THE DATA:
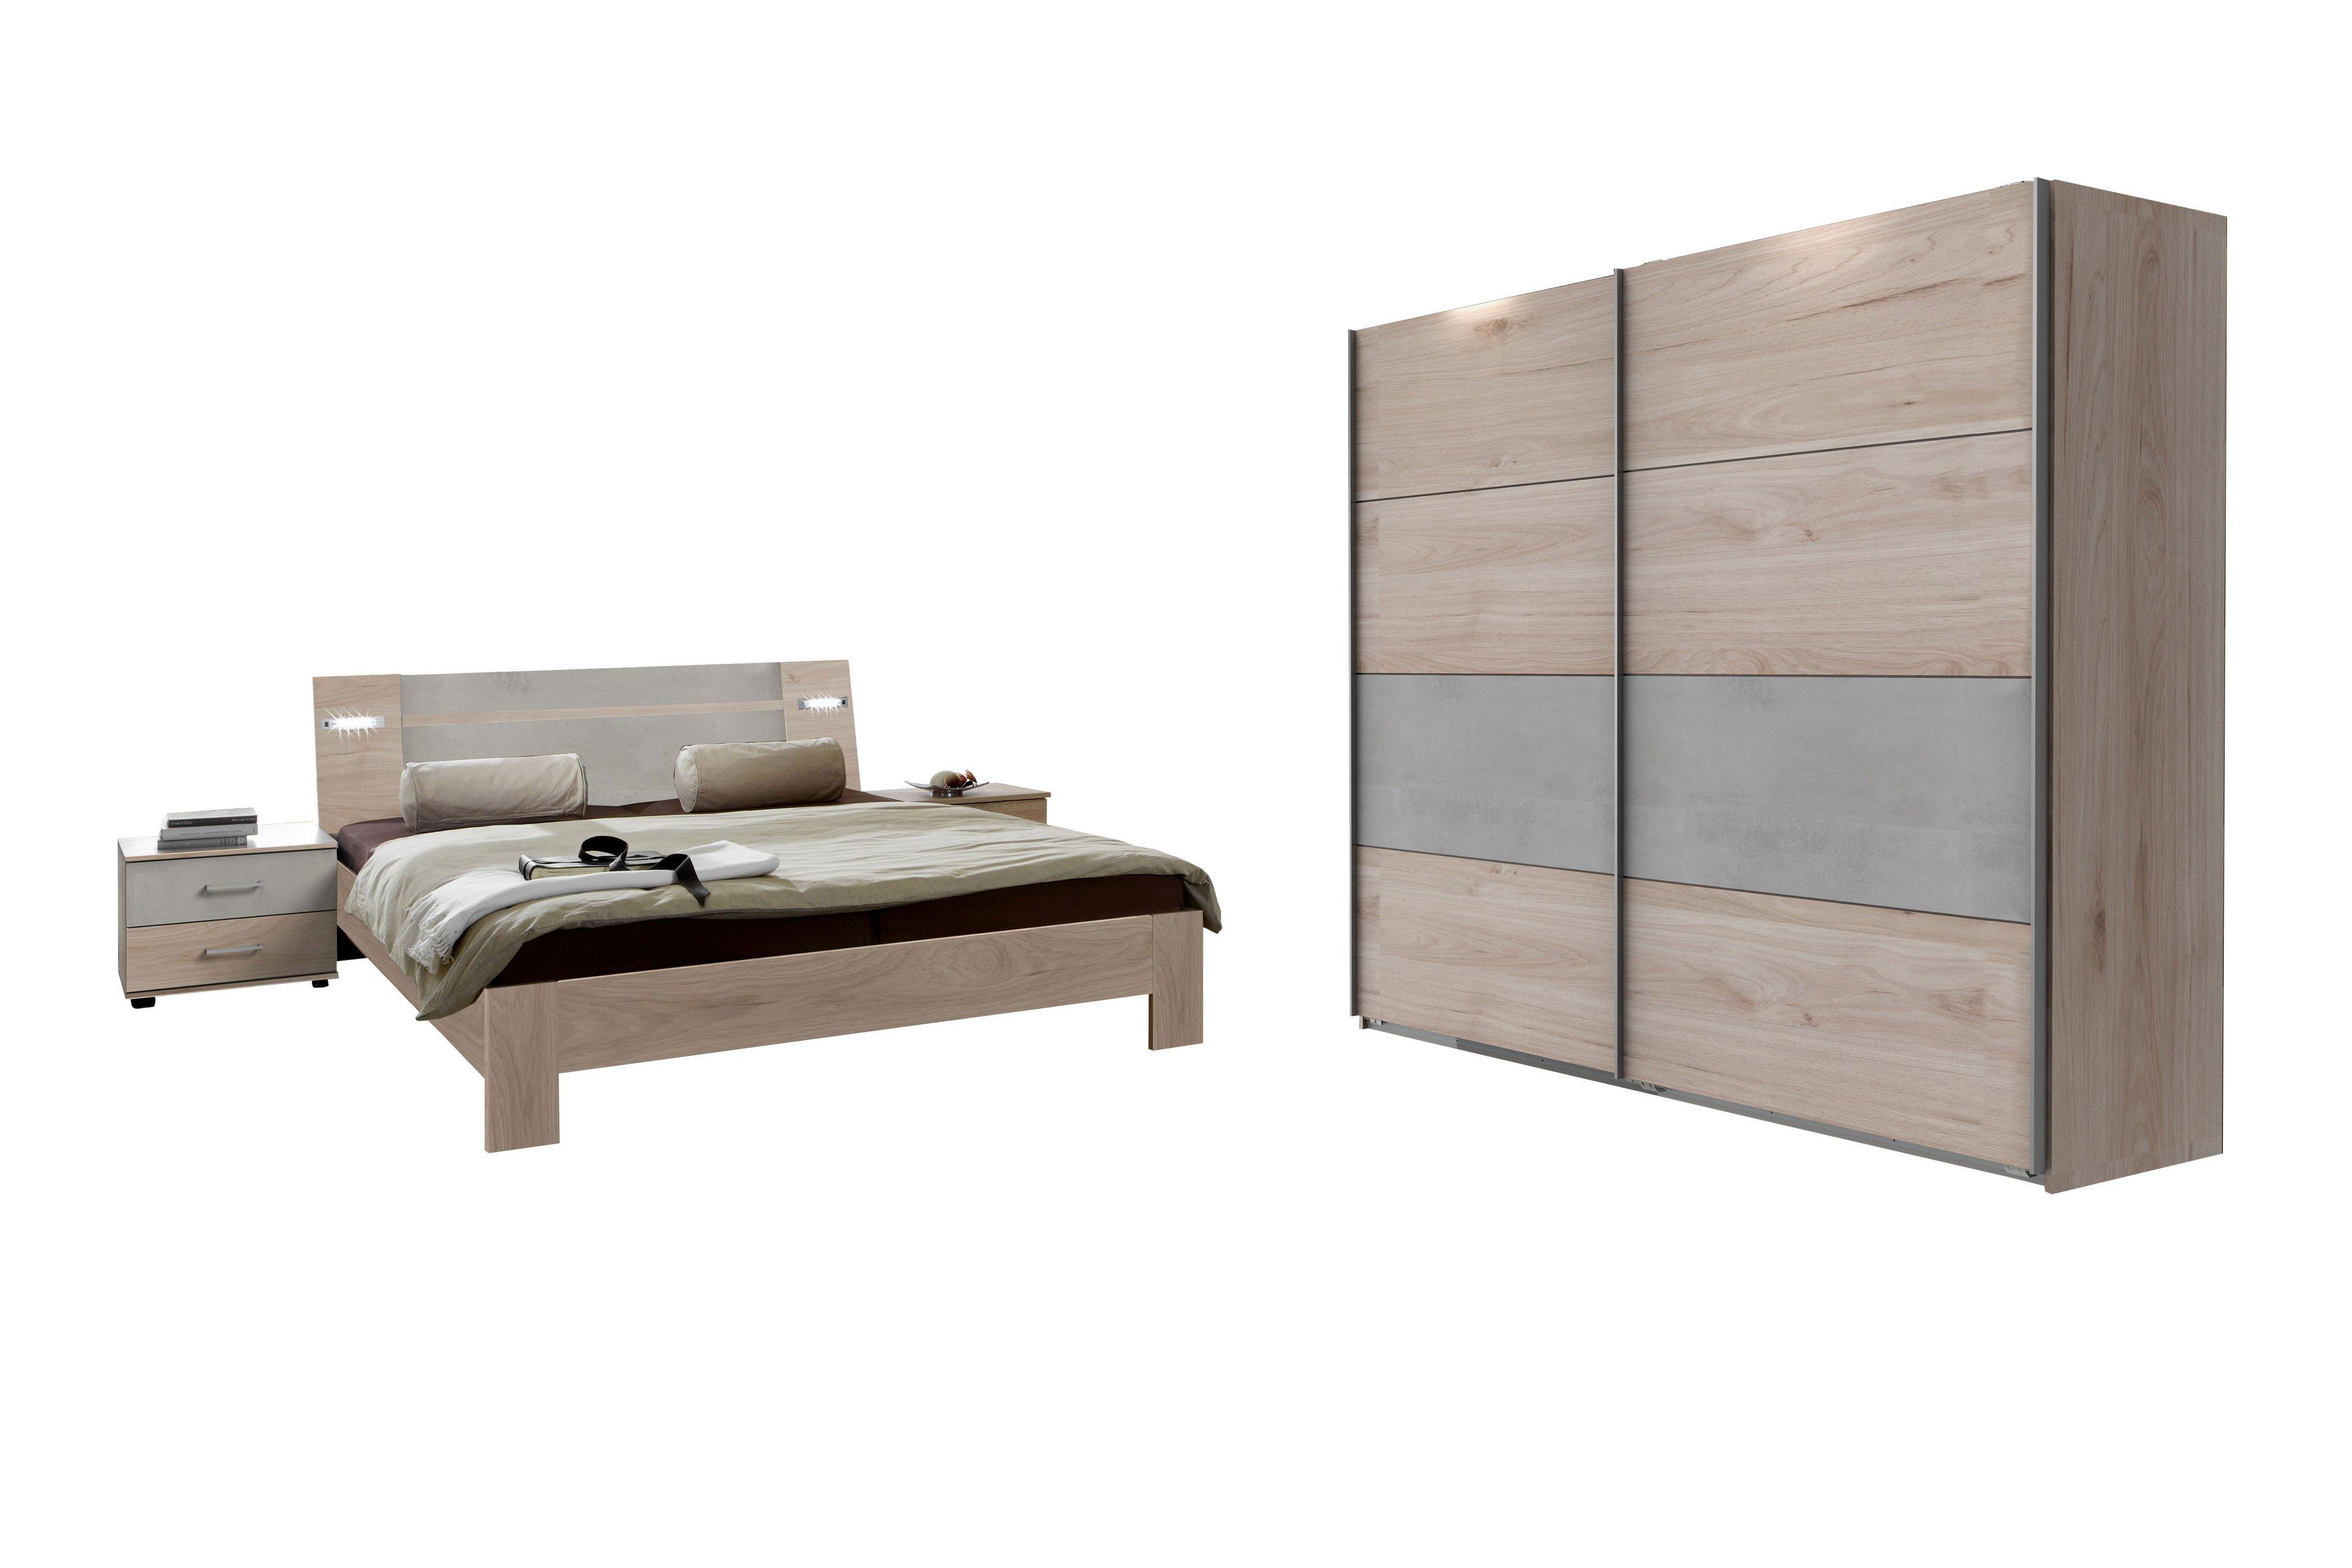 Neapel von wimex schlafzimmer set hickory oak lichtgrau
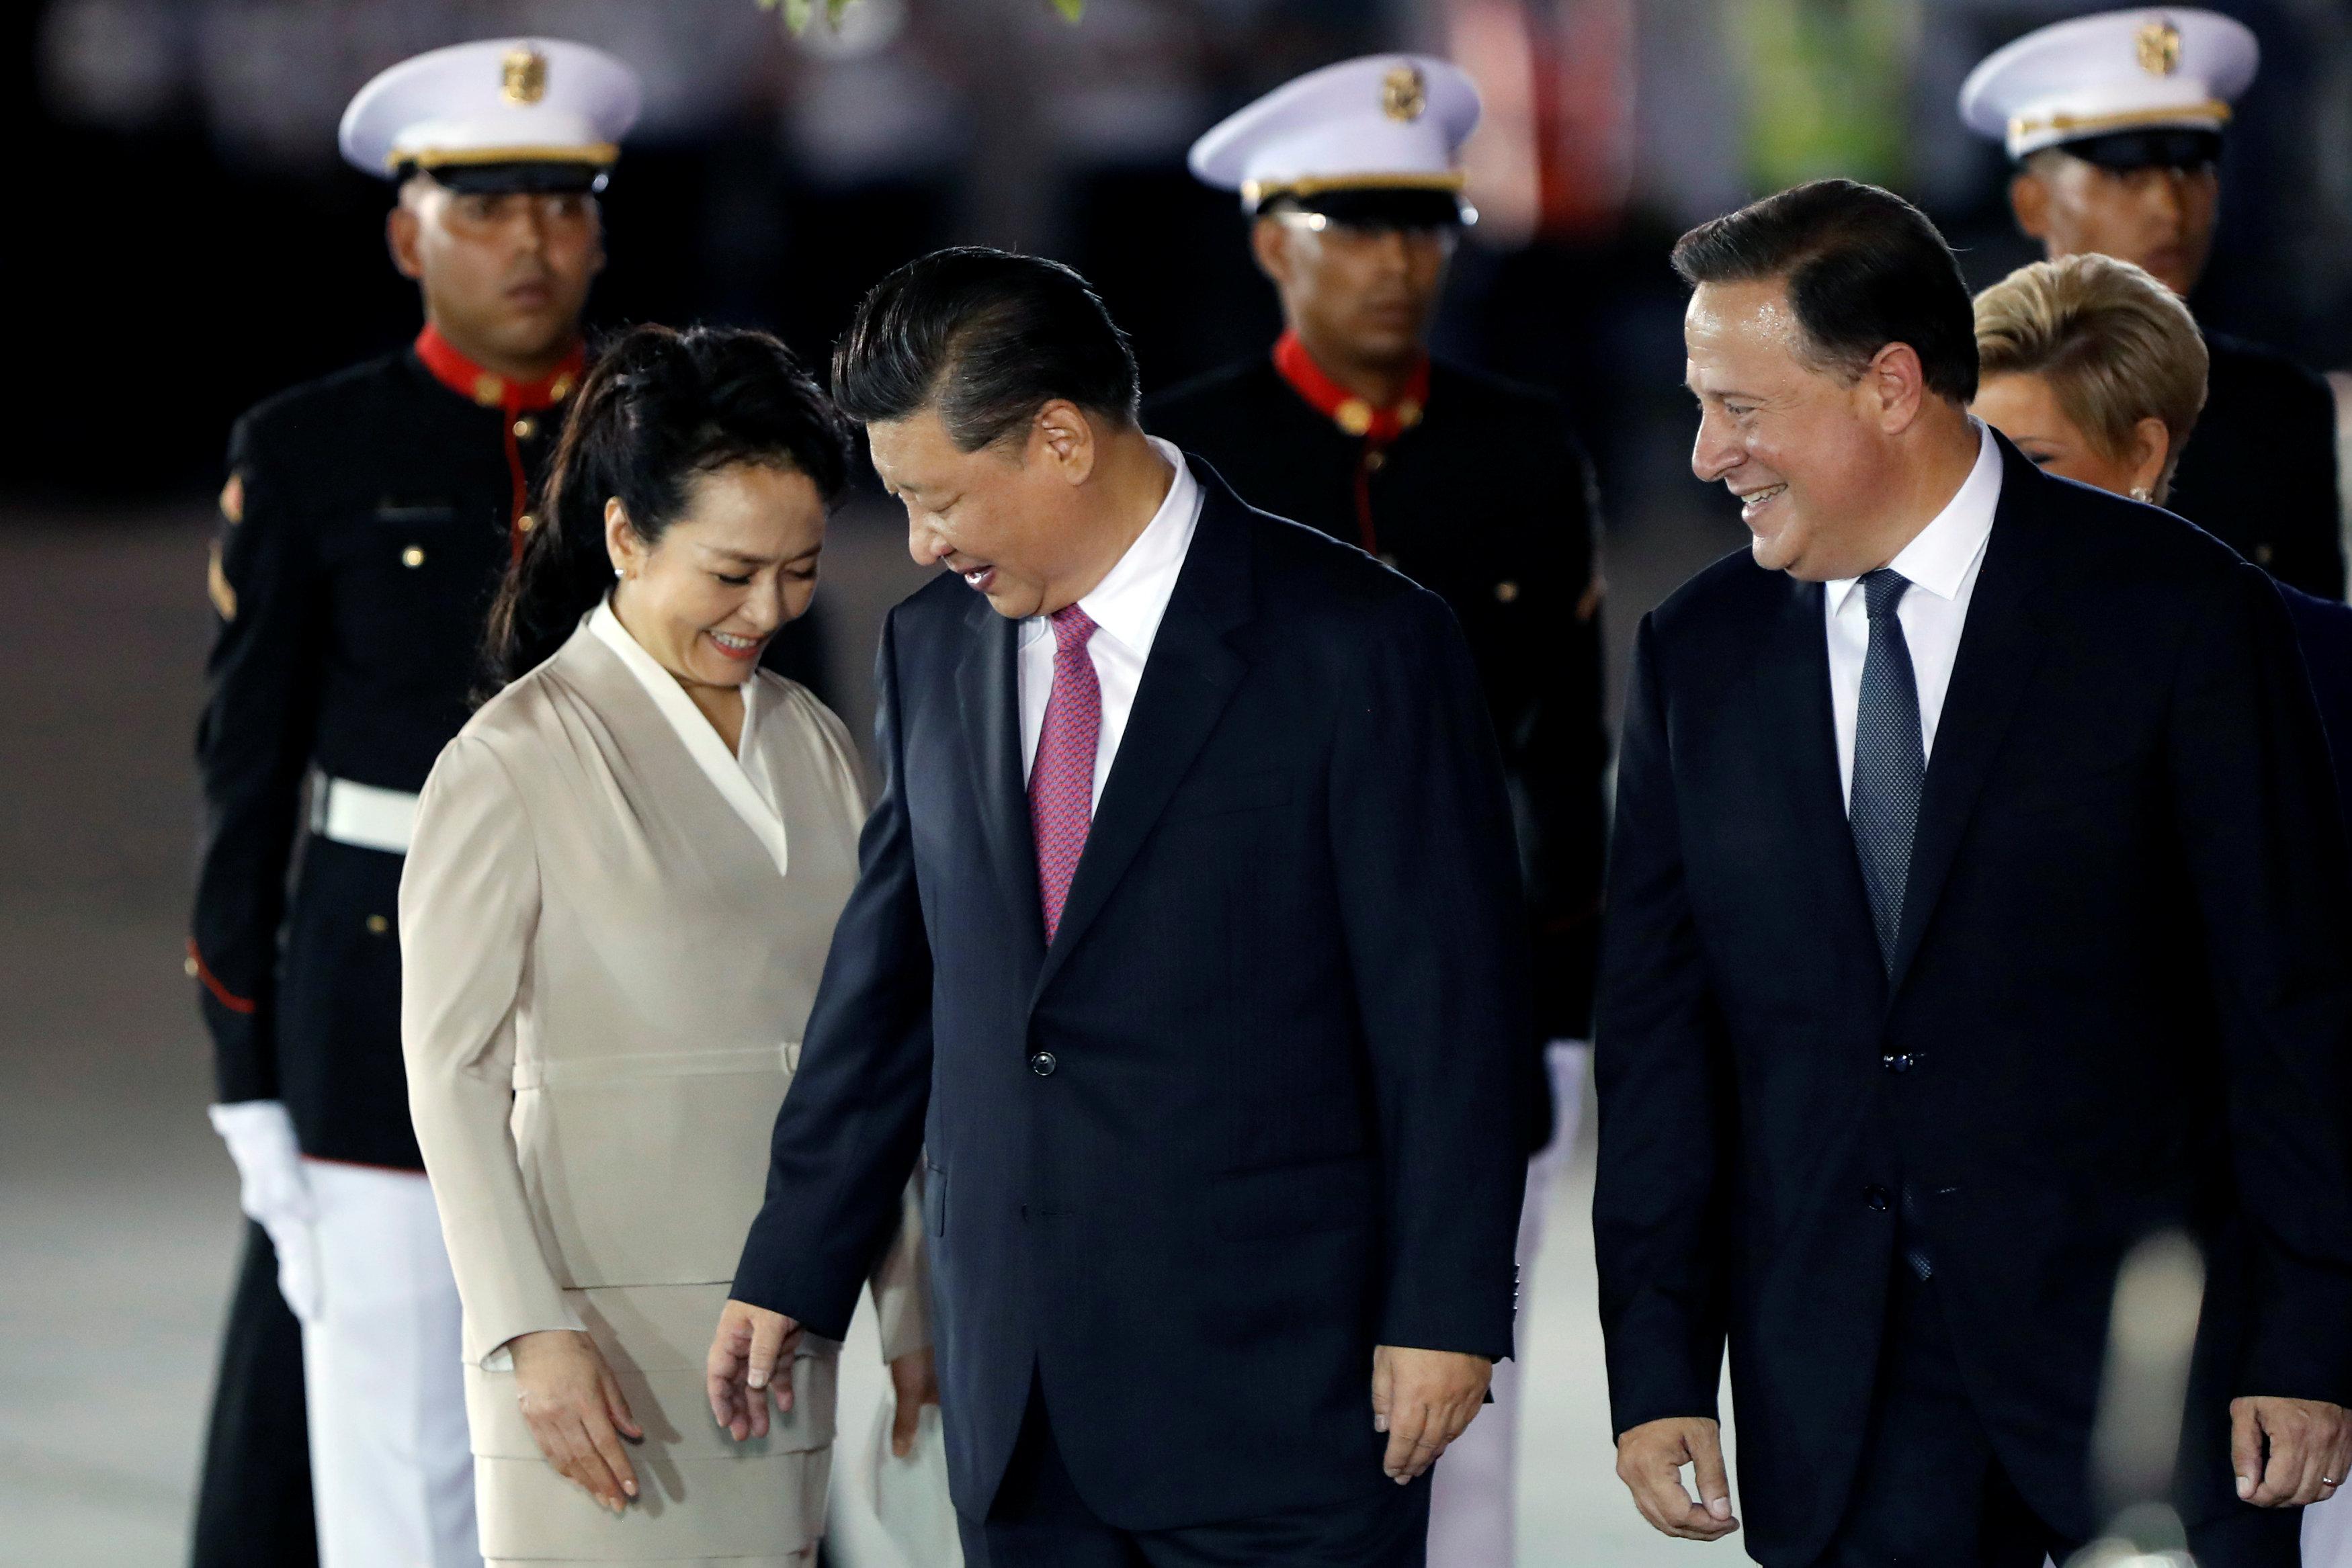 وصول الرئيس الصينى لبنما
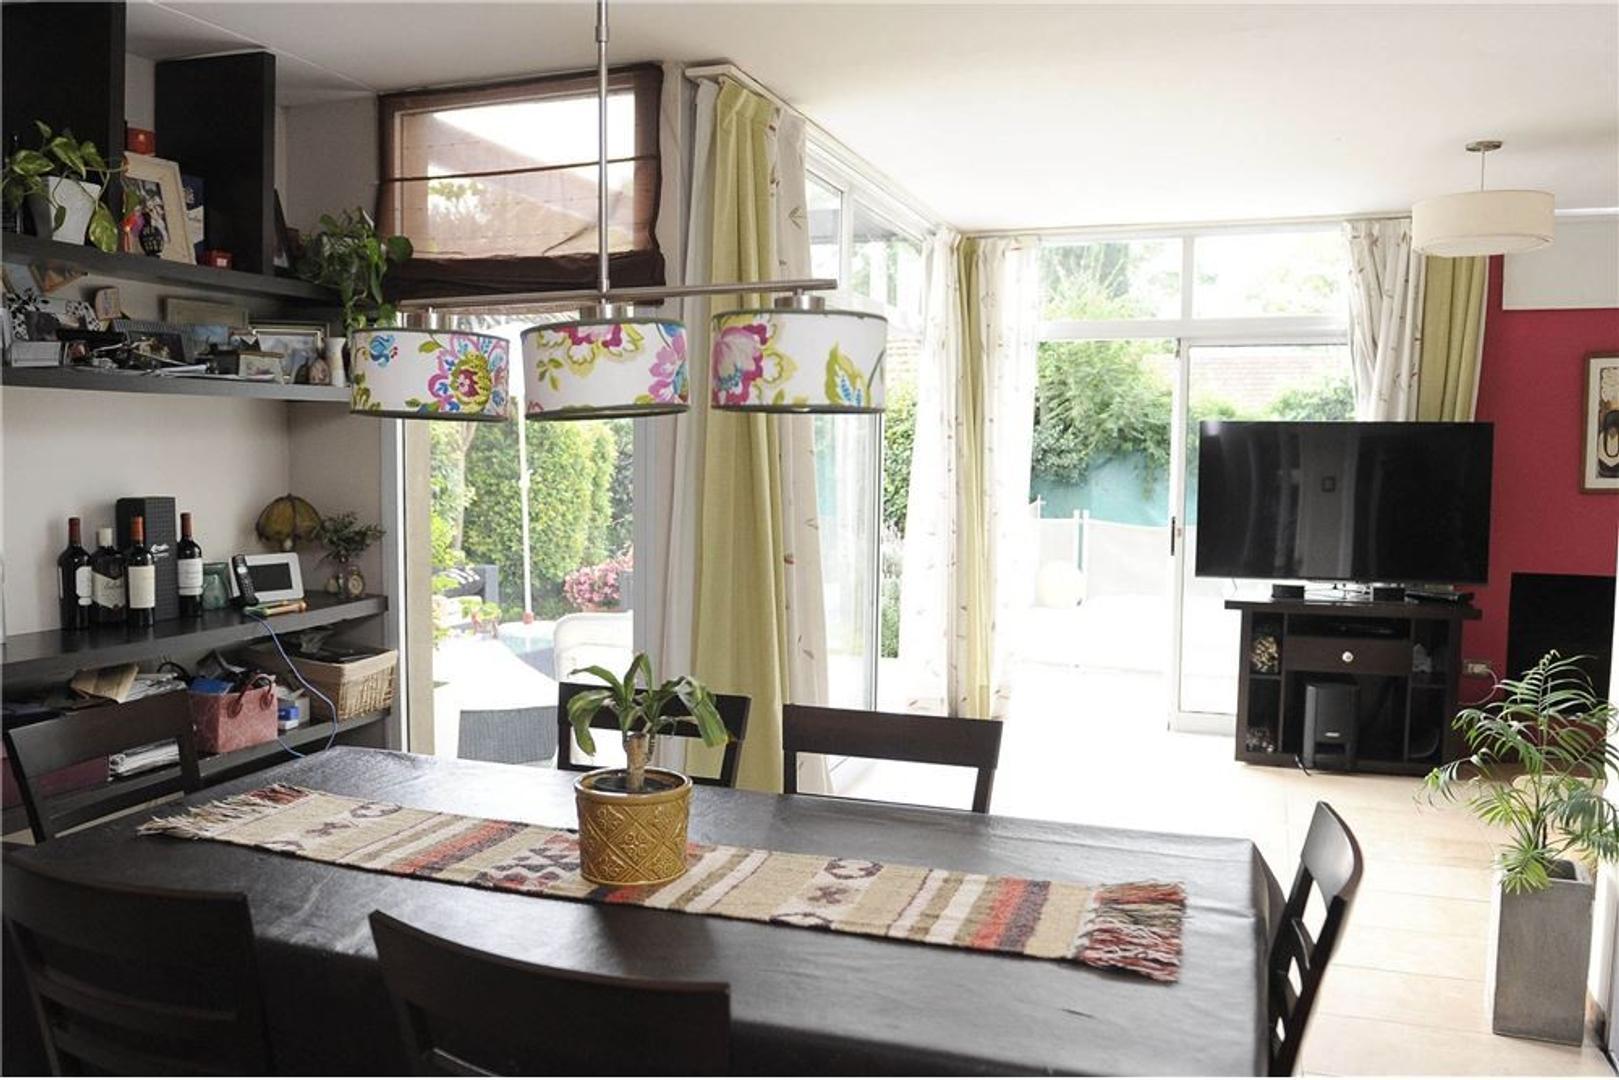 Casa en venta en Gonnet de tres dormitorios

EXERCISE PROMPT:
Nothing but the pictures should be left out when the material above is copied.

ANSWER SECTION:
 Neapel von wimex schlafzimmer set hickory oak lichtgrau
 وصول الرئيس الصينى لبنما
 Casa en venta en Gonnet de tres dormitorios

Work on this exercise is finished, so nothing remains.